Cobalt Silver Rush - Decline

Decline

World War I made labour hard to come by, and by 1917 most of the mines had closed due to a lack of men to work them. Instead, the small number of workers available were put to work using new extraction methods to work the tailings, which required far fewer people to keep in operation. At the end of the war Cobalt had a population of about 7,000. In 1918, in spite of the problems, 10,000 tons of silver were shipped.

As the best veins were mined out the cost of extracting silver from the Cobalt area made it increasingly unprofitable. By the 1922 many of the smaller mines were closed, when the Great Fire of 1922 swept through the area. Most of the veins ended less than 300 feet (91 m) below the surface, limiting the total amount of silver in the area. The stock market crash of 1929 led to a major devaluation in metal prices, rendering even the deeper mines unprofitable. The LaRose closed in 1930, and by 1932 only the Nipissing Mine and a few smaller operations were still working. All of these were closed by 1937.
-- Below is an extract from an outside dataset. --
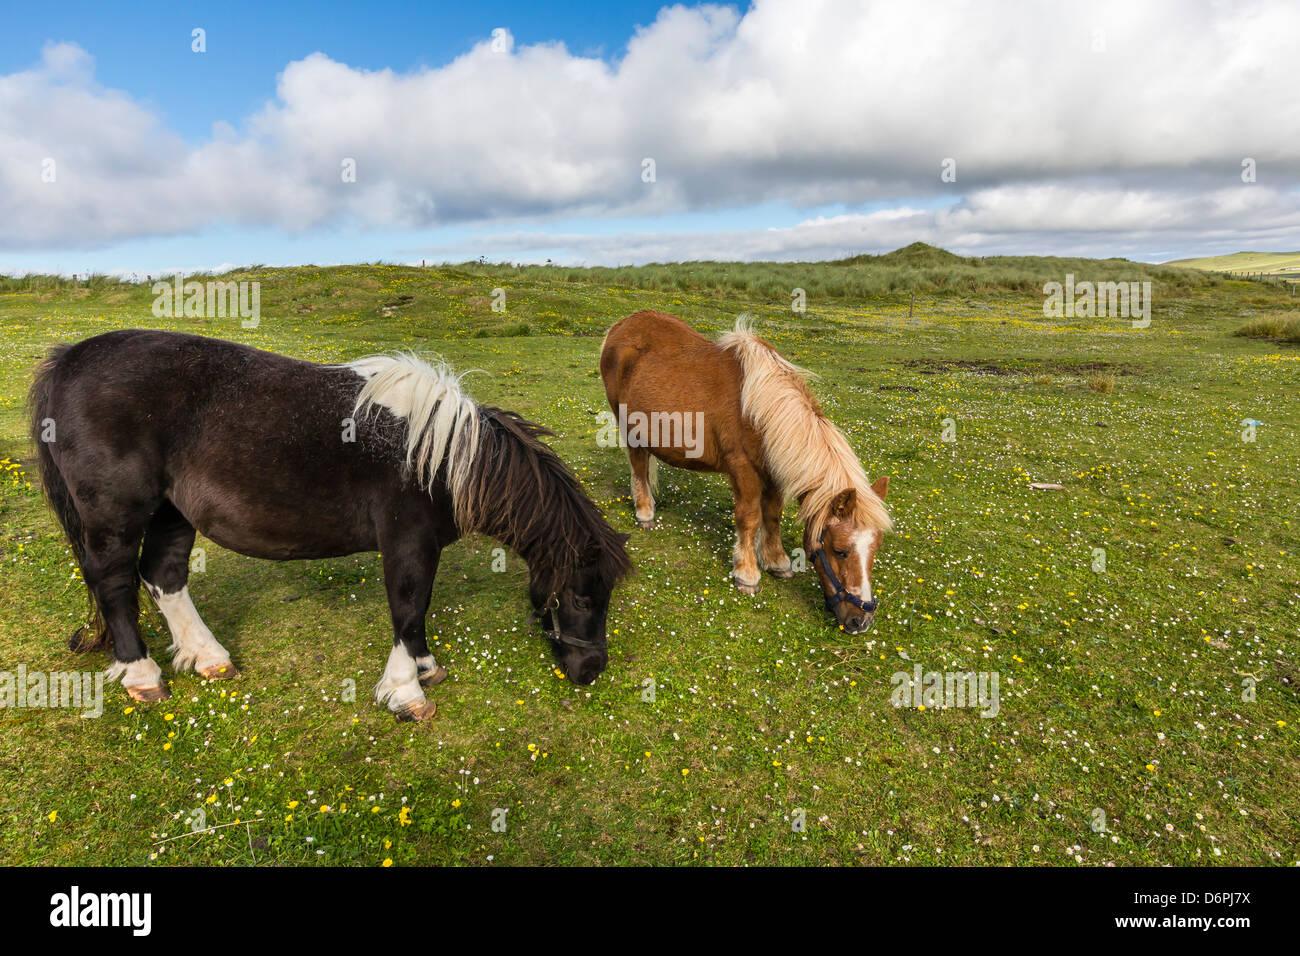 Shetland ponies, Jarlshof, Shetland Isles, Scotland, United Kingdom, Europe - Stock Image

In the World War II era and immediately thereafter, cobalt became a valuable mineral in its own right, and a number of operations opened to process the tailings again, this time for the cobalt. Increasing silver values and better mining processes started to make the area profitable, and the 1950s saw a brief resugence of mining. Most of these closed by the 1970s, and the few remaining ones by the early 1980s.